Many financial articles revolve around credit cards. Some experts say that credit cards are necessary for building credit. Others claim that you don’t need to open a credit card account to be financially savvy. There are so many conflicting ideas out there that it can be difficult to determine the right path to take.
Building credit is necessary because it can help you qualify for significant purchases. It ‘s best to have a good credit score to buy a home, a car, or new appliances. When you try to rent a house or apartment, property managers will run your credit score during your background check to determine whether or not you, as a renter, are a financial risk.
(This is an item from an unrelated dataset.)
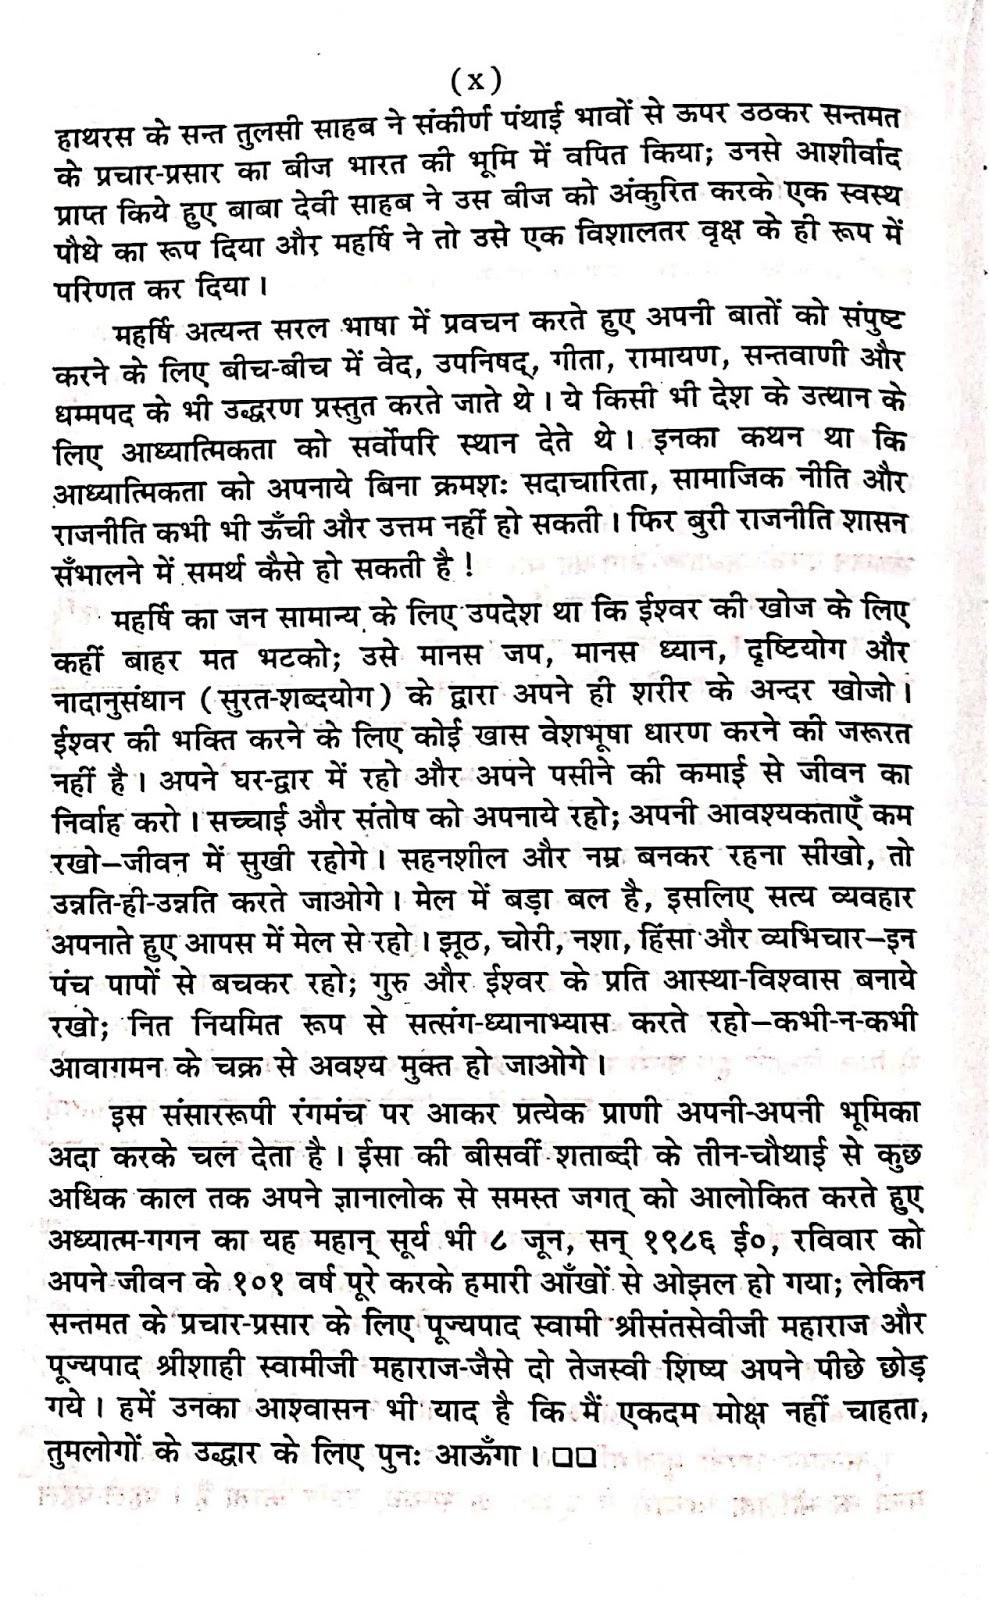 सद्गुरु महर्षि मेंहीं परमहंस जी महाराज एक परिचय Paramahansa ji is an introduction to Sadguru Maharshi। महर्षि मेंहीं परिचय चित्र समाप्त

Many believe the easiest way to begin building credit is through a credit card. Consumers have several different types of credit cards to choose from. There are cash back cards, cards that earn points or airline miles, and cards attached to a particular store like Target. Before signing up for a new credit card, take a look at 40 common credit card myths that are easily debunked starting here:
1. Credit Cards Are Free Money
Although credit cards are in no way free money, many people view them like that. Every time you use a credit card, you should have the same amount available in your wallet or bank account to ensure that you can truly afford your purchase. It’s not worth it to buy something for $50 and end up paying hundreds of dollars in interest if you miss a credit card payment.
Treating your credit cards like free money can end up costing you much money for months and even years. Before making a purchase, wait at least 24 hours. Think about what else you can spend your money on. Consider how many hours you’ll need to work to pay the purchase off. Also, you can remember if there was ever a time that you made a similar purchase and regretted it afterward.